Virüslerin varlığı 19. asrın sonlarına doğru Cöffler ve Frosch tarafından ispatlandı. 1899’da M.W. Beijerinck, hastalıklı tütün yapraklarında “tütün mozayik virüsü”nü tespit etti. 1933’te elektron mikroskobunun keşfiyle virüslerin yapısı hakkında kesin görüntüler elde edildi. Araştırmalar neticesinde virüslerin belli sıcaklıklarda bazı canlı dokular üzerinde üreyebildiği keşfedildi.

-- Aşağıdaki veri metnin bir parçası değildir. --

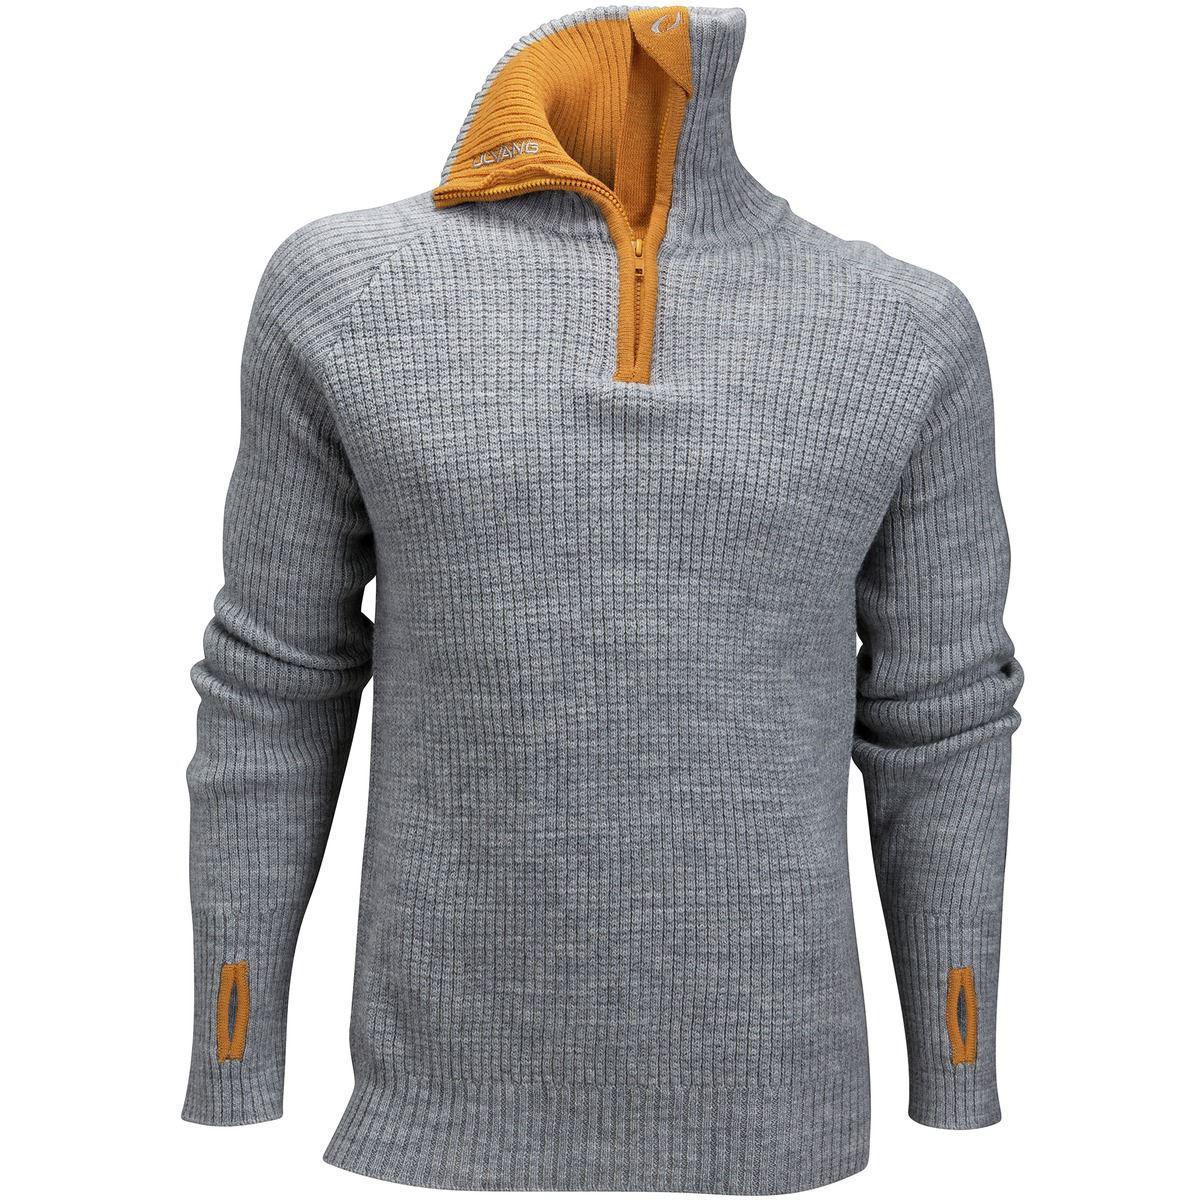 Bilde av Rav sweater w/zip

Bir virüsün yapısı sadece dışında bir protein kılıf ve içerisinde nükleik asitten meydana gelir. Herhangi bir organeli ve enzimleri olmadığı için normal bir hücre gibi yaşamlarını sürdürebilmeleri olanaksızdır. Yaşamsal faaliyet (üreme gibi) gösterebilmek için mutlaka canlı bir hücreye girmeleri gerekir. Hücre dışında ise kristal halde bulunurlar. Bu yüzden bilim adamları tarafından cansızlık ile canlılık arasında geçiş formu olarak kabul edilirler. Virüslerin çoğalması şöyle gerçekleşir:
Virüs hücreye tutunduğunda ilk önce hücrenin zarını eritir. Daha sonra bu delikten içeriye kendi nükleik asitini akıtır. Hücreye giren virüs nükleik asidi derhal yönetimi ele geçirerek hücreyi kendi hesabına çalıştırmaya başlar. İlk önce kendi nükleik asitlerinin kopyalarını arkasından da protein kılıflarını sentezlettirir. Daha sonra bunları birleştirerek yüzlerce virüs oluşmasını sağlar. Hücre içerisindeki virüsler hücreyi patlatarak dışarı çıkar ve yeni hücrelere tutunana kadar kendilerini pasif moda sokarlar. Yapılarından dolayı ve hücre içerisinde bulunduklarından antibiyotik türü ilaçlardan etkilenmezler.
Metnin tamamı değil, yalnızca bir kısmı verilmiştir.